Однако главным в брошюре было обличение дуэльной идеи как «стихийной мысли, заключавшей в себе зародыш буйства», сопряжение ее с «возродившимся злом самонадеянности и вольнодумства века сего».
Брошюра вышла через три месяца после казни лидеров тайных обществ. Аноним прямо указал на связь поединков с мятежом.
Никто из российских монархов после Петра не высказывал так резко свою ненависть к дуэльной идее, как Николай. Он не предполагал еще в двадцать шестом году, что ему и не понадобится ужесточать наказания за поединки или же карать по всей строгости имеющихся суровых законов.
Сама реальность царствования, сама атмосфера его, определившаяся к концу тридцатых годов, оказалась лишена того кислорода, который поддерживал пламя чести, то есть придавила ту среду, в которой и возникали по-настоящему опасные — идейные — дуэли.
И нужна была «тайная свобода» Пушкина, чтобы на исходе последекабрьского десятилетия, стоя над могилой дворянского авангарда, отчаянным усилием на миг соединить прервавшуюся связь времен.
Бунт против иерархии
Дуэль Киселева с Мордвиновым очень занимала его.
…Холопом и шутом не буду и у царя небесного.
Прологом знаменитой дуэли генералов Киселева и Мордвинова оказалось событие чрезвычайное. Офицеры Одесского пехотного полка, входящего во 2-ю армию, дислоцированную в Молдавии, измученные и возмущенные издевательствами полкового командира, злобного аракчеевца Ярошевицкого, бросили жребий, кому избавить полк от тирана. По выпавшему жребию поручик Рубановский на ближайшем дивизионном смотре перед строем избил ненавистного подполковника. Тот вынужден был уйти в отставку, а Рубановский, разжалованный, пошел в Сибирь…

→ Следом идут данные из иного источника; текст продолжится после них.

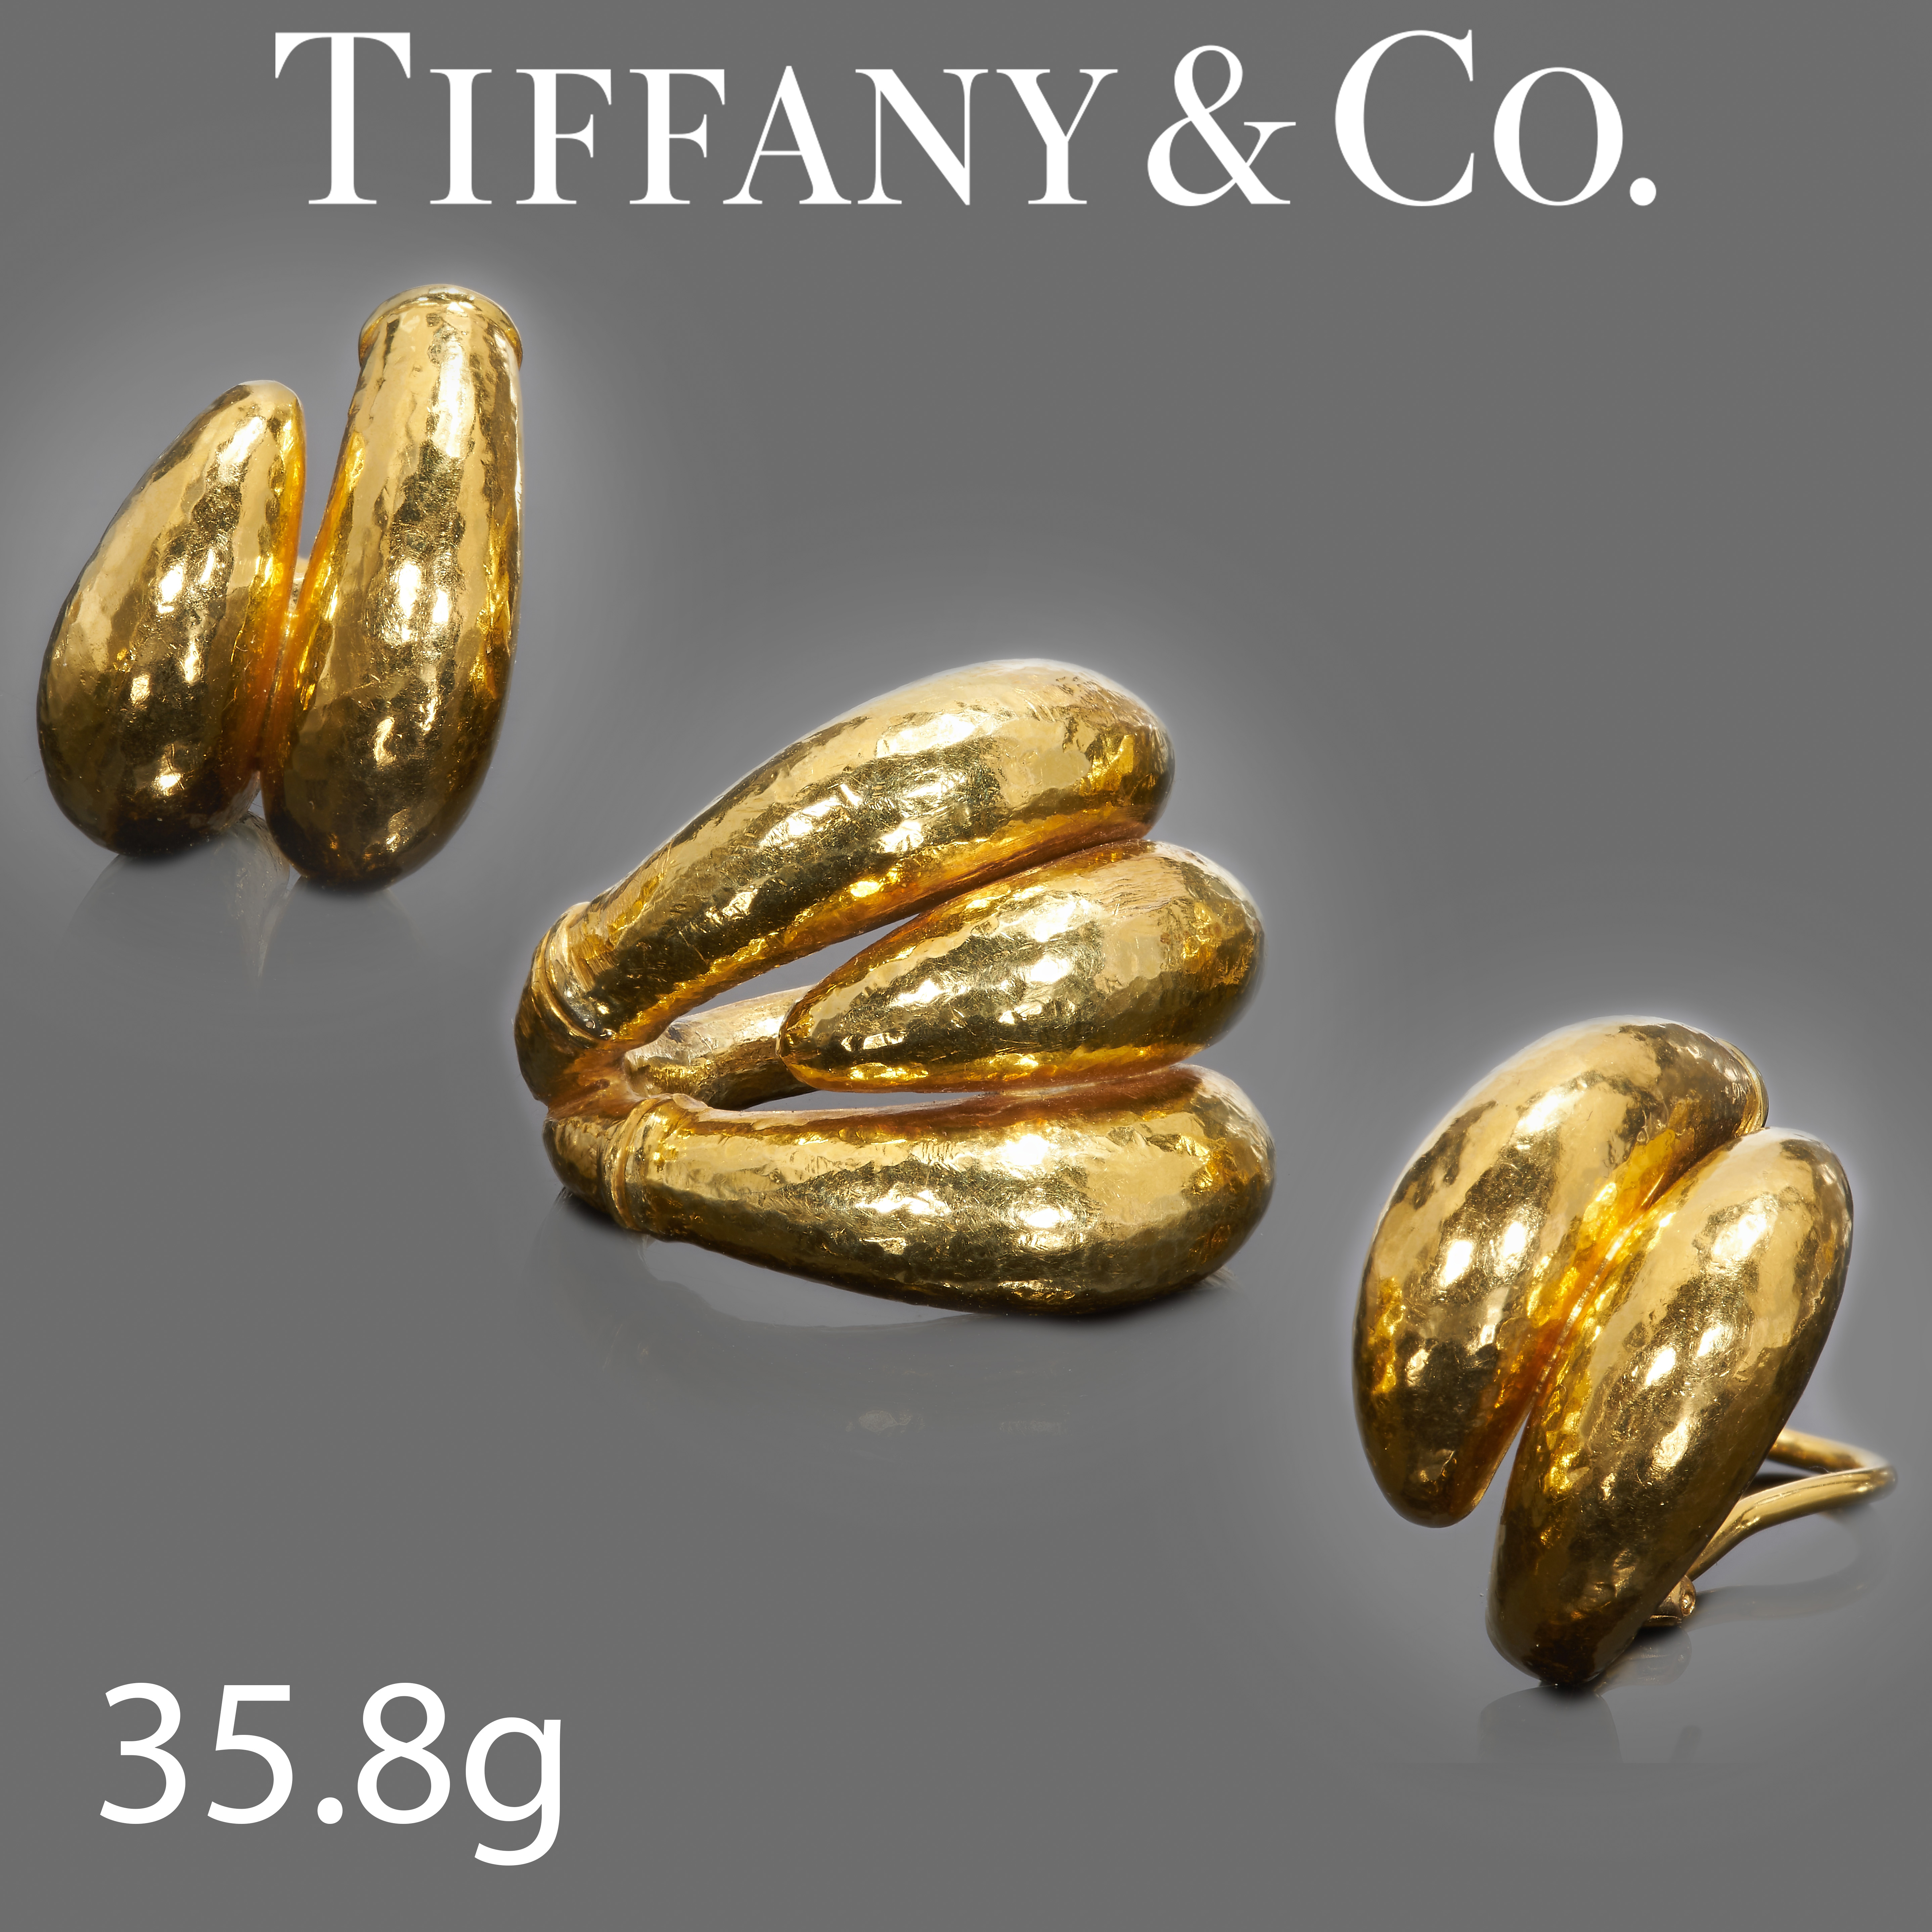 TIFFANY & CO, GOLD RING AND A PAIR OF EARRINGS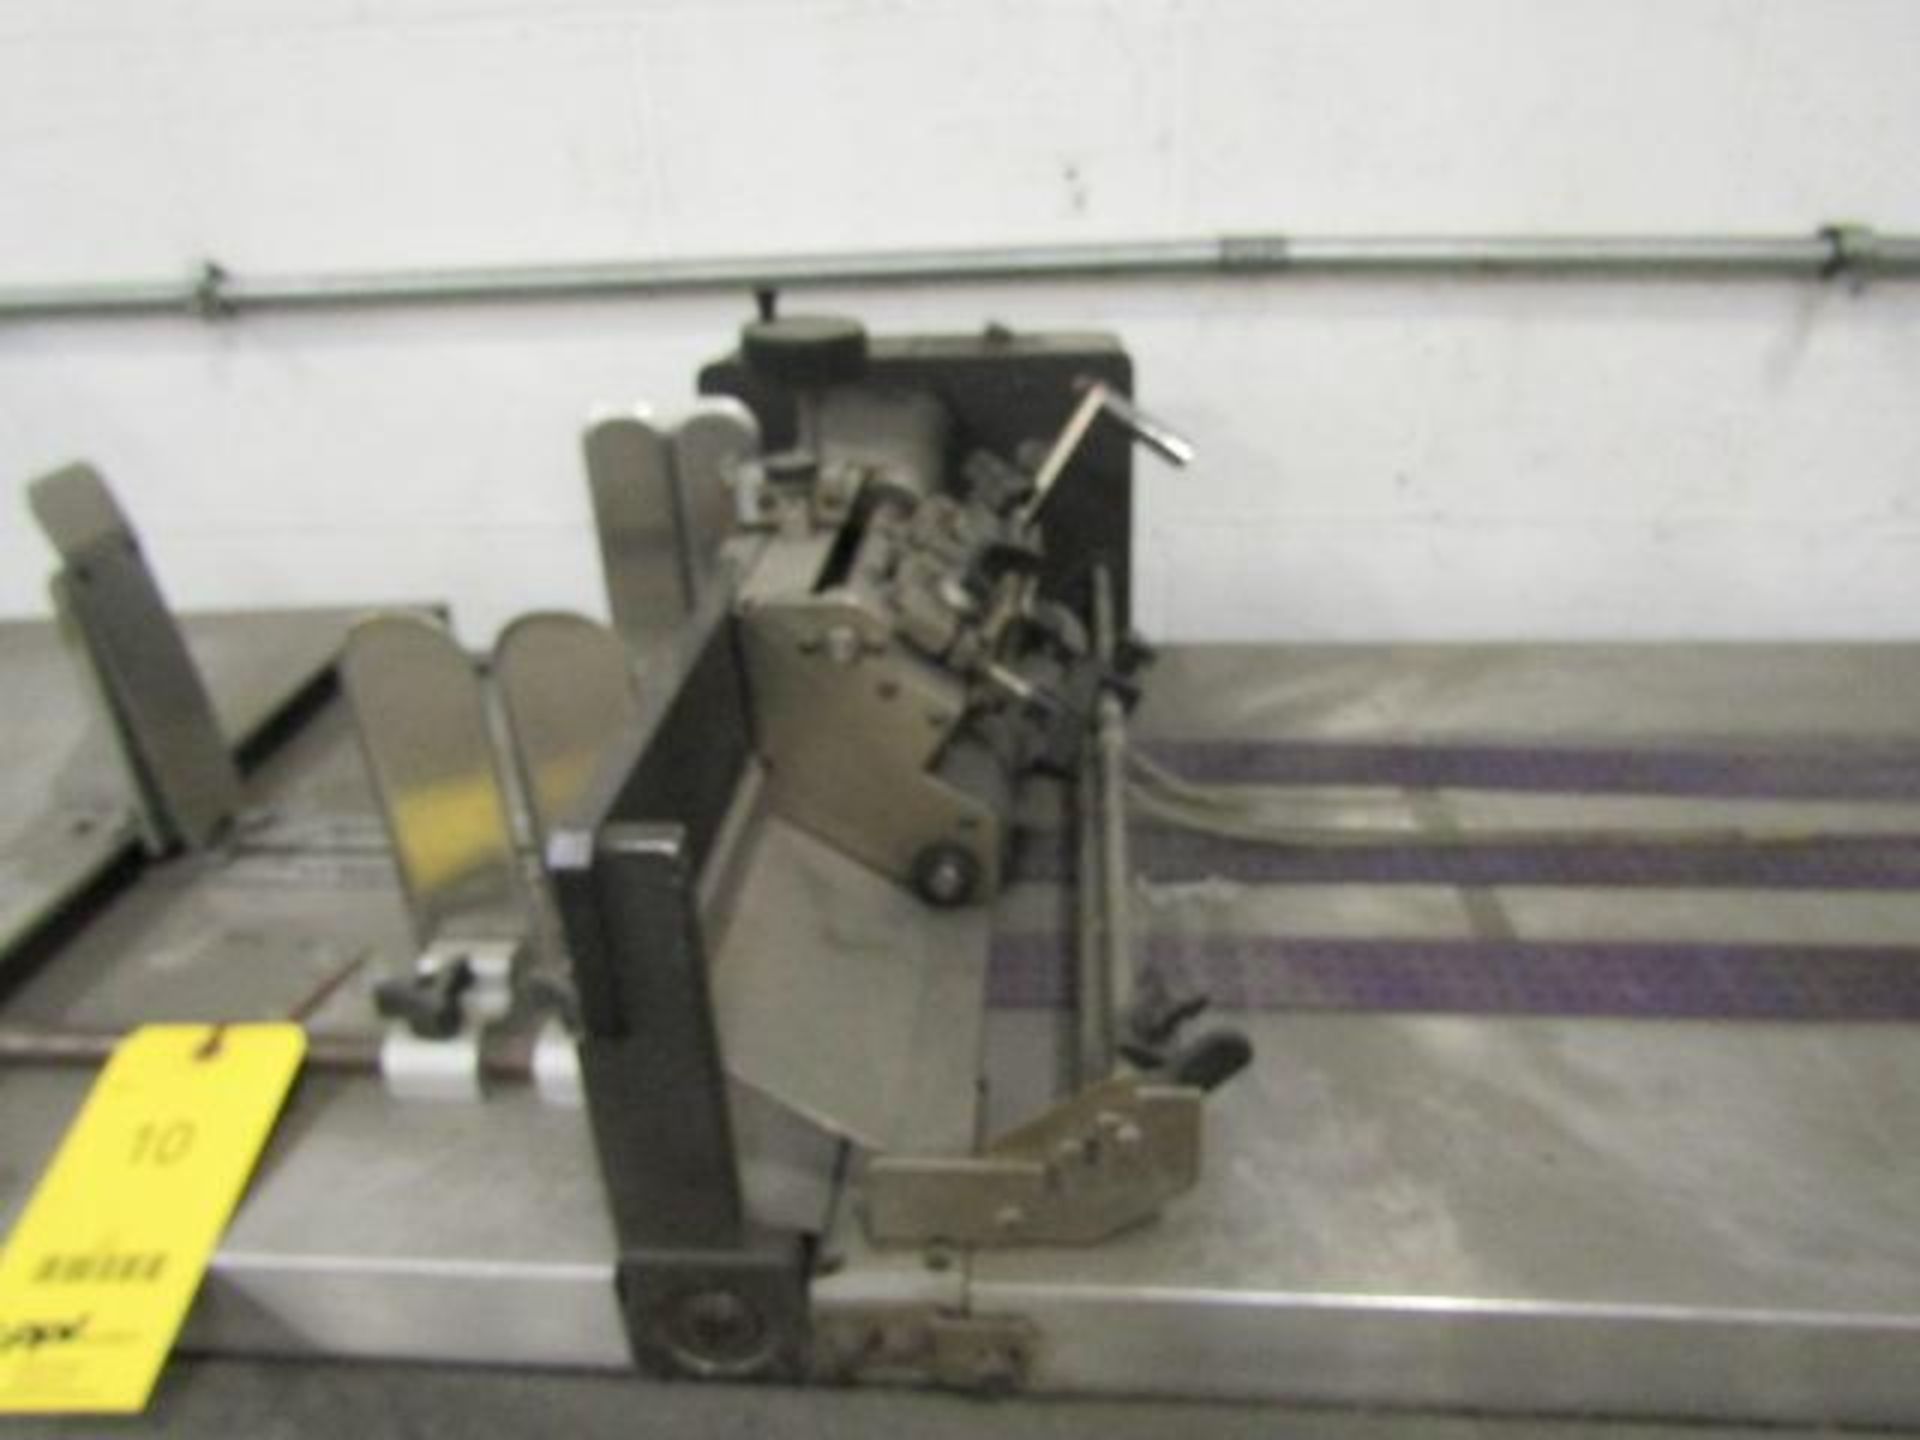 Cheshire Ink Jet Base Model 987000-82, S/N 43885 - Image 2 of 3

Следствие, наряженное командующим, графом Витгенштейном, свело все к ссоре подполковника с поручиком. Начальник штаба армии Павел Дмитриевич Киселев, однако же, узнал, что драма разыгралась, можно сказать, с ведома командира бригады генерала Ивана Николаевича Мордвинова. Мордвинов был одним из тех генералов, от которых Киселев, либерал и сторонник реформ, мечтал избавиться, чтобы открыть дорогу близким себе людям. И он потребовал отстранить Мордвинова от командования. Старый фельдмаршал ни в чем не перечил своему энергичному начальнику штаба. Мордвинов бригаду потерял. Дело, казалось, было кончено. Киселев уехал в заграничный отпуск.
Однако старые генералы, не без оснований опасавшиеся Киселева, решили сделать свой ход и стали натравливать пострадавшего на начальника штаба. По возвращении Павла Дмитриевича, в июне двадцать третьего года — совсем недавно отнята дивизия у вольнодумца Михаила Орлова, расследуется дело «первого декабриста» Раевского, — Мордвинов пришел к начальнику штаба требовать нового назначения. Киселев отказался ходатайствовать за него, напомнив о трагедии в Одесском полку. В частности, он сказал Мордвинову, что невыгодные для него сведения получены от дивизионного командира генерала Корнилова. Корнилов был среди тех, кого Киселев, вступив в должность, охарактеризовал императору весьма невыгодно, и, естественно, считал начальника штаба своим врагом. Он письменно уверил Мордвинова, что ничего Киселеву не сообщал. Что было, как мы увидим, неправдой…
Налицо оказалась грубая, но безошибочная интрига, которой встревоженный генералитет 2-й армии ответил на рассчитанные действия Киселева. Целью ее было спровоцировать ссору Киселева с Мордвиновым и довести дело до формального вызова со стороны обиженного генерала. Скорее всего, те, кто стоял за кулисами, считали, что Киселев вызова не примет, опасаясь скандала, и тем самым морально скомпрометирует себя и в армии, и в Петербурге. В любом случае, состоится дуэль или нет, по логике вещей Киселеву грозила отставка. А если вспомнить расстановку сил в армии, то будущий поединок все отчетливее принимал политический характер…
Разумеется, для Мордвинова последствия удачной даже дуэли могли быть еще более тяжкими, чем для Киселева. Но старые генералы — командир корпуса Рудзевич, командир дивизии Корнилов — приносили Мордвинова в жертву.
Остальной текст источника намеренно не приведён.